As image bearers of Christ, we are called to reflect the love and care Christ has for us, to those around us and our family members in particular! (1 Timothy 5:8) I hope to be able to care for my parents in their home when the time comes. Knowing that my heavenly Father is preparing a place for me, because he wants to be with me, encourages me to love in this same way. Everyone deserves to feel loved and cared for in their final hours as much and the precious moments when they came into this world.
John 14:3 And if I go and prepare a place for you, I will come again and will take you to myself, that where I am you may be also.
My Uncle Steve passed away from cancer three years ago. Steve was a hardworking, sarcastic, and fun person to be around! He was not married and did not have any children, so his siblings walked with him through his end-of-life battle with cancer. When I was talking with my Aunt Patty (Steve’s sister) about what it was like being with him in his final hours she said,
“Steve asked me if I would just put my arms around him while we waited for the ambulance.” His body was shutting down and transitioning to heaven, and he just wanted to be held.
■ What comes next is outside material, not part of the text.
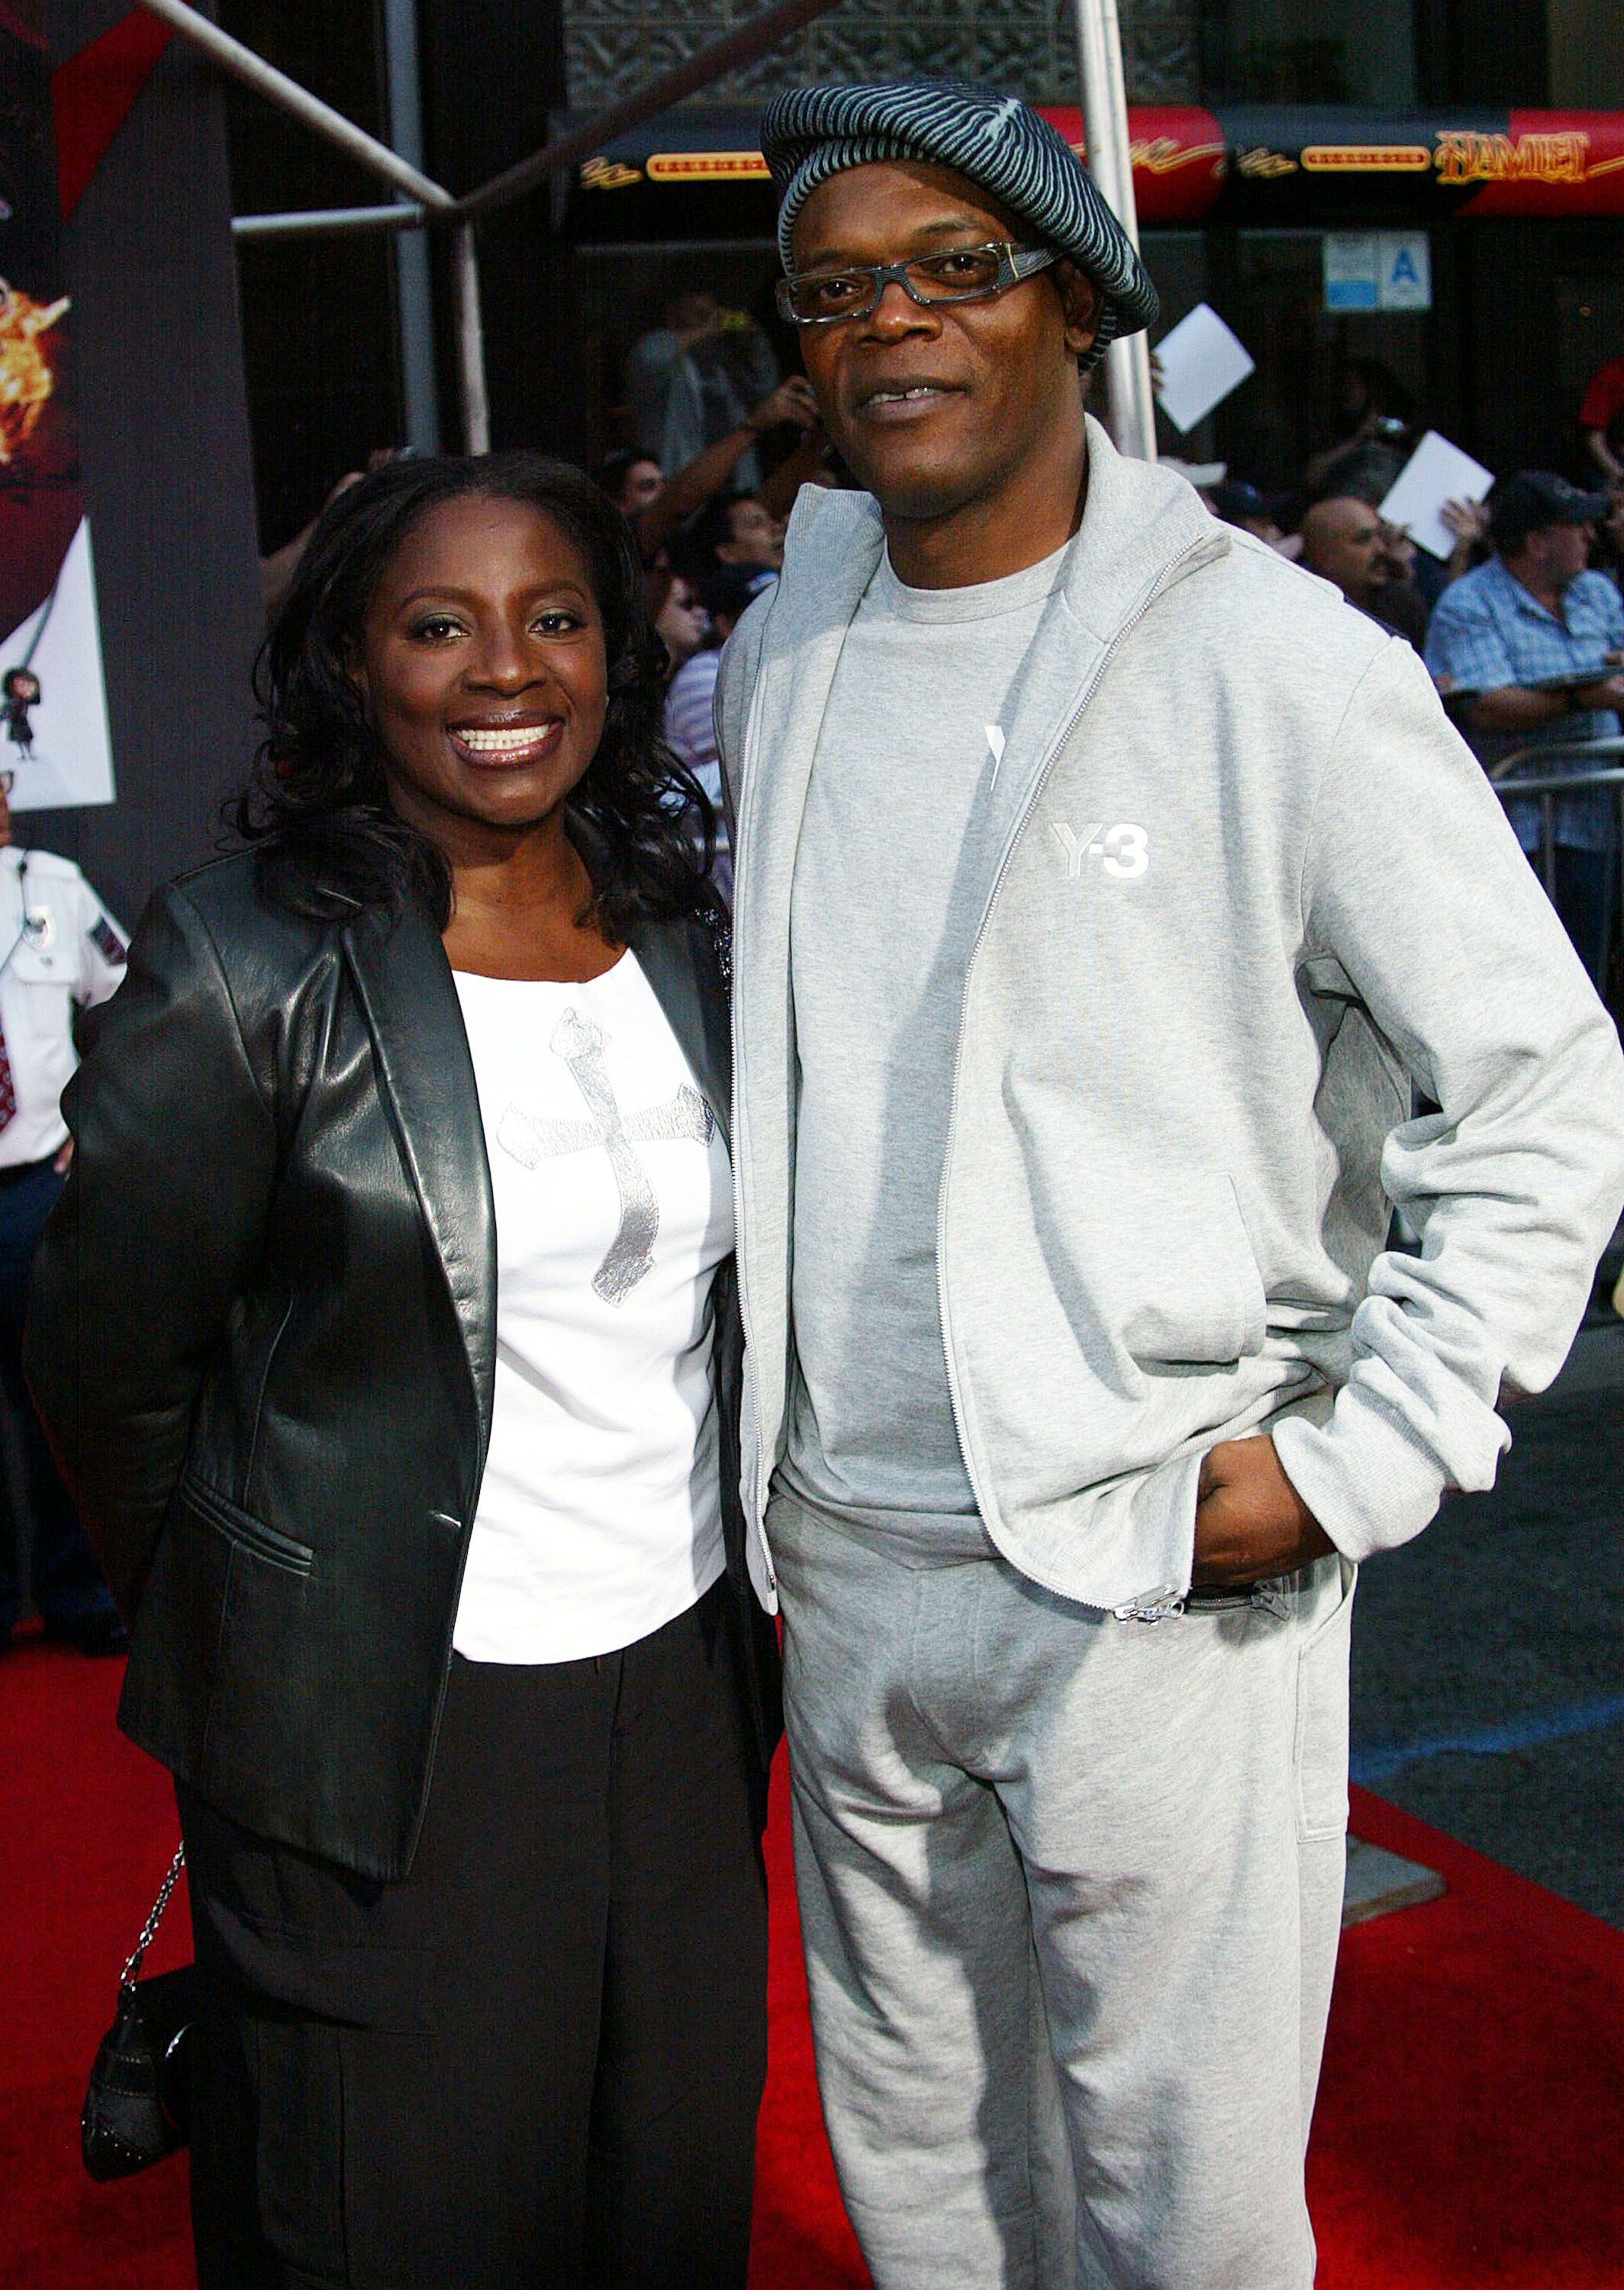 Samuel L. Jackson and wife LaTanya Richardson at the film premiere of "The Incredibles" in Hollywood, California in 2004 | Source: Getty Images

I think everybody in their lifetime will be called on to snuggle someone tightly as they're leaving. To have to step into that situation that is a little awkward (snuggling my brother). But you throw down everything because THEIR need is so great.
I think there's a lot of people that are so guarded in their emotions that it's hard for them to step All in... They feel like they need to deal with their own stress and grieving. To be able to give and not ‘clam up’ because it's so heart-rending, it just as to come from God himself”
Patty has gone through end-of-life care with two of her close friends, her brother, and mother, and I am so inspired by the example she has been of loving someone through the uncomfortable, raw, vulnerable emotions of dying. Watching someone who is, as my Aunt Patty put it, “putting hands into Jesus’ hand.” has a powerful impact.
We walk the tight rope of balancing “Not my will but thine, Lord,” with pouring out our hearts to God, pleading on behalf of a friend, a loved one, or ourselves, to stay earth-side and walk in the land of the living a little longer.
I’ve been surprised what a breath of fresh air it is though when the saints around me talk about and engage with a Biblical view of death and dying that isn’t filled with fear and hopelessness. Death is holy.
Death is, for the believer, a home coming with our savior that we should all be anticipating as He is preparing a home for us so that where He is, we might also be!
I am encouraged to view death, not as game over or some kind of punishment. Not as though someone left us before we felt it was their time or like it was too soon.
Death is the end of corruptible bodies.
Death is running into our saviors' arms.
Death is the road to faith-become-visible.
Death is hope fulfilled in heaven with Jesus.
Death is, as it says in Psalm 116, “precious in the sight of the Lord”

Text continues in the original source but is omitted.